Getting the most out of your Innovation Investments - "Tell me what you want, what you really, really want"

Despite what they might claim, Innovators and entrepreneurs love having a good structured problem to solve.   They just do.  Give them a well defined, specific business problem, public challenge or domestic conundrum and they are in heaven.  They’ll instantly spring into action to figure out how to creatively build or combine multiple bits of tech and process that can work together to provide a suitable solution.

However, if you ask the entrepreneurial show ponies to “invent” new solutions to a very loose, broad brief they can often struggle to come up with a useful, marketable solution.   Now this strange, slightly counter-intuitve reality can often be a source of frustration for those business moguls and public leaders who invest heavily to build up and employ groups of innovators with the intention of enjoying a stream of wonderful and exotic innovations that add value to their endeavours.    They know they can’t micro-manage the innovators so they leave them alone.  They give them time, space, resources and bags and bags of freedom – the proverbial blank sheet of paper.   Unfortunately this type of relationship all too often fails as the solutions that get delivered just don’t scratch the itch.

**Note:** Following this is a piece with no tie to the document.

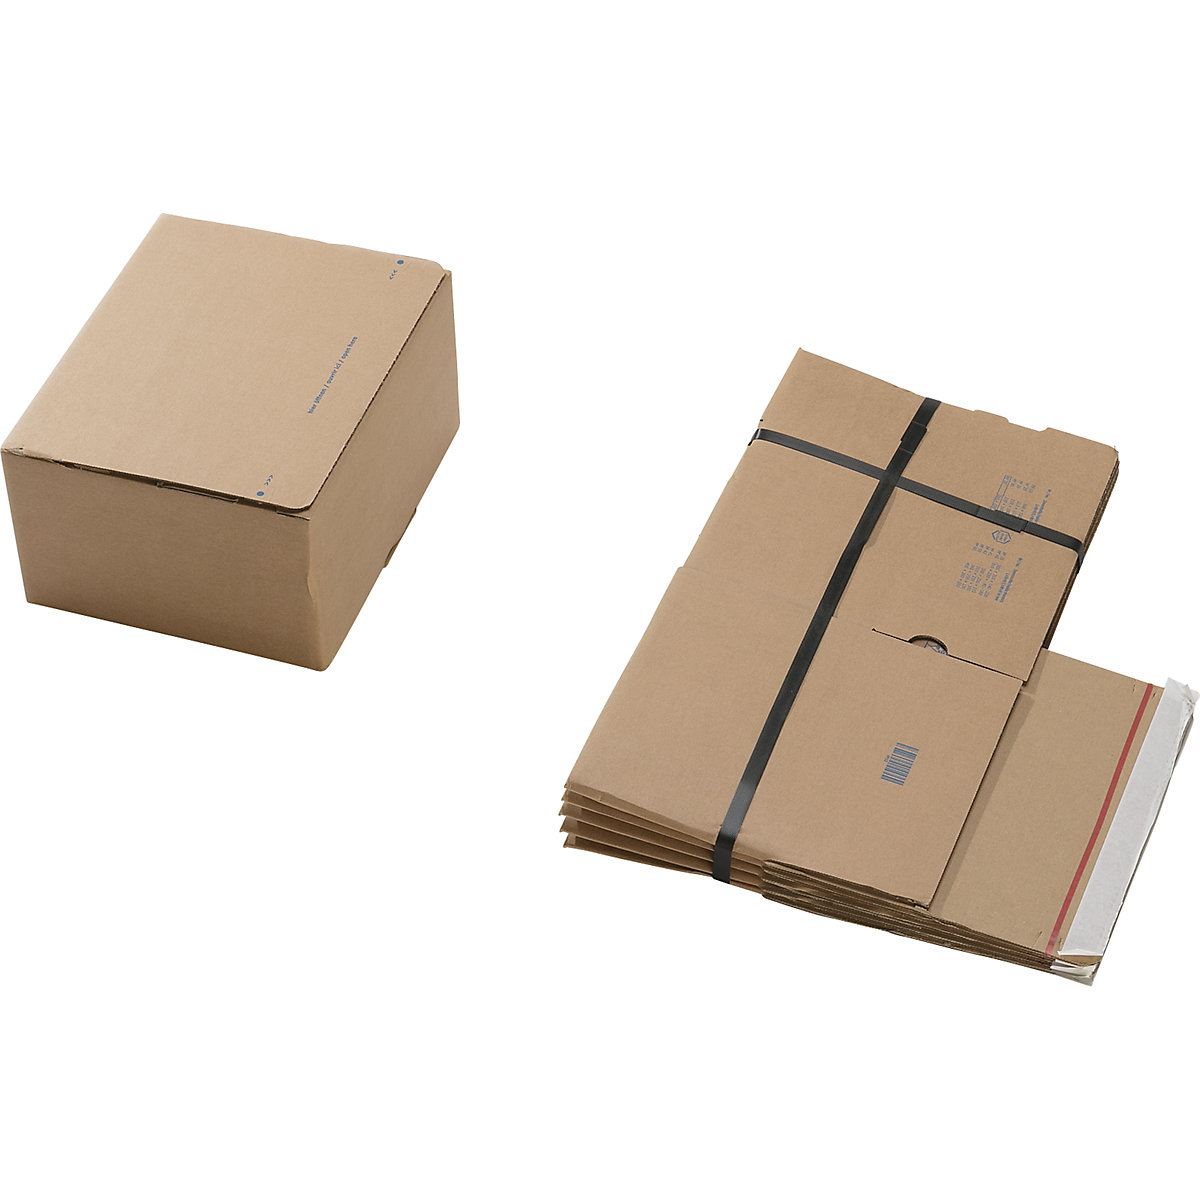 Caixa de cartão de envio, com fundo automático e fecho autocolante, dimensões interiores CxLxA 260 x 220 x 130 mm, embalagem de 100 unidades-3

So as a leader it appears as though the recipe for having a productive relationship wth your innovation team is to provide them with a series of clearly defined problems or challenges that they can deploy their talents against.   This of course is easier said than done.   Why?  Because by and large most of us are just not trained or practiced in the reflective, analytical and articulatory skills required.  When asked the classic Spice Girls question,  “Tell me what you want, what you really, really want?”  most of us respond with a bland “I don’t really know.”

In short the art of being able to identify and articulate real business or organisational issues in a concise and effective manner is a rare one.   As a result many of the less transparent aspects of business and public life are lagging behind when it comes to experiencing the latest wave of innovative digital transformation.   This is not because these areas are particularly impervious to innovation, its actually because the problems and challenges associated with them are ill defined and opaque.   Compare and contrast the number of apps that have been designed to help you find and book a restaurant (a clearly defined and well known challenge) compared with the number of technology solutions devised to help your local council collect and manage household waste (an ill defined and opaque challenge).   N.B. You will be in the majority if you have just read the last sentence and asked yourself the question, “So what is the problem with collecting and managing household waste?”  Honestly, I don’t know either, but I’m pretty sure there are some they’re just not known to me.


Ok, so before I tie us all up in logical loops the point is this.   We need to understand that a key (and much undervalued) aspect of the Innovation process is the ability to spot, analyse and articulate a challenge so that the creative types can do their thing.   The recent advent of “themed” tech accelerators suggests that finally we are waking up to the fact that working with industry segments to clearly articulate problems and challenges is generating a better return on investment when it comes to Innovation.   In my work with innovators and businesses I am now very committed to putting the work in to spot and articulate the real challenges of an industry rather than to merely assemble a group of the bright and the brilliant and instruct them to “do their innovative thing”.   So, when it comes to Innovation, creating a counter intuitive sense of focus and structure is definitely a good thing.